4DOM eating all my memory

Sun Feb 1 19:27:09 EST 2004

ewan <frimn at hotmail.com> writes:

> I'm looping over a set of urls pulled from a database, fetching the
> corresponding webpage, and building a DOM tree for it using
> xml.dom.ext.reader.HtmlLib (then trying to match titles in a web library
> catalogue).

Hmm, if this is open-source and it's more than a quick hack, let me
know when you have it working, I maintain a page on open-source stuff
of this nature (bibliographic and cataloguing).

>  all the trees seem to be kept in memory,
> 
> however, when I get through fifty or so iterations the program has used
> about half my memory and slowed the system to a crawl.
> 
> tried turning on all gc debugging flags. they produce lots of output, but it
> all says 'collectable' - sounds fine to me.

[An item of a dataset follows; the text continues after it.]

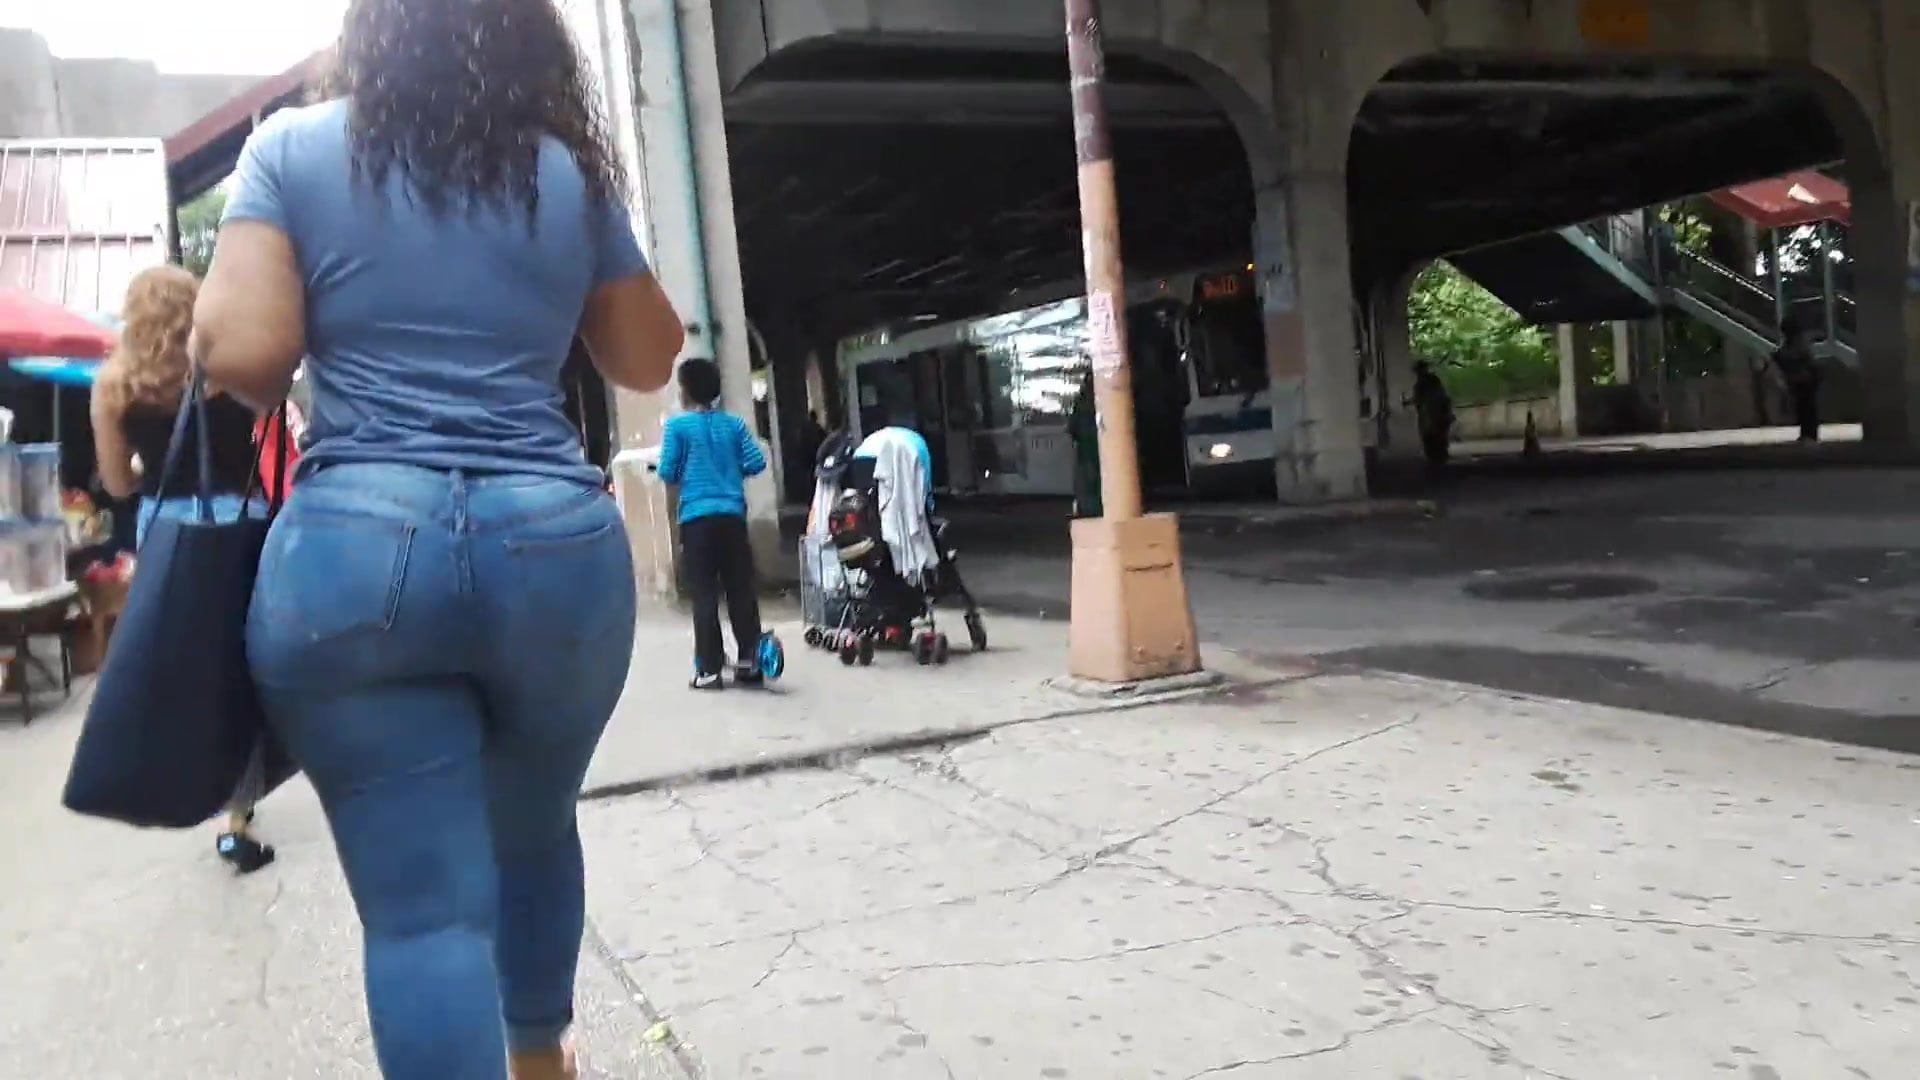 Big Ass walking to the Subway

I've never had to resort to this... does it tell you what types /
classes are involved?  IIRC, there was some code posted to python-dev
to give hints about this (though I guess that was mostly/always for
debugging leaks at the C level).

> I even tried doing gc.collect() at the end of every iteration. nothing.
> everything seems to be being collected. so why does each iteration increase
> the memory usage by several megabytes?
> 
> below is some code (and by the way, do I have those 'global's in the right
> places?)

Yes, they're in the right places.  Not sure a global is really needed,
though...

> any suggestions would be appreciated immeasurably...
[...]
>   def find(self, title, uri):
>     global root
>     
>     reader = HtmlLib.Reader()
>     root = reader.fromUri(uri)
> 
>     # find what we're looking for
>     ...

+     reader.releaseNode(root)

?

John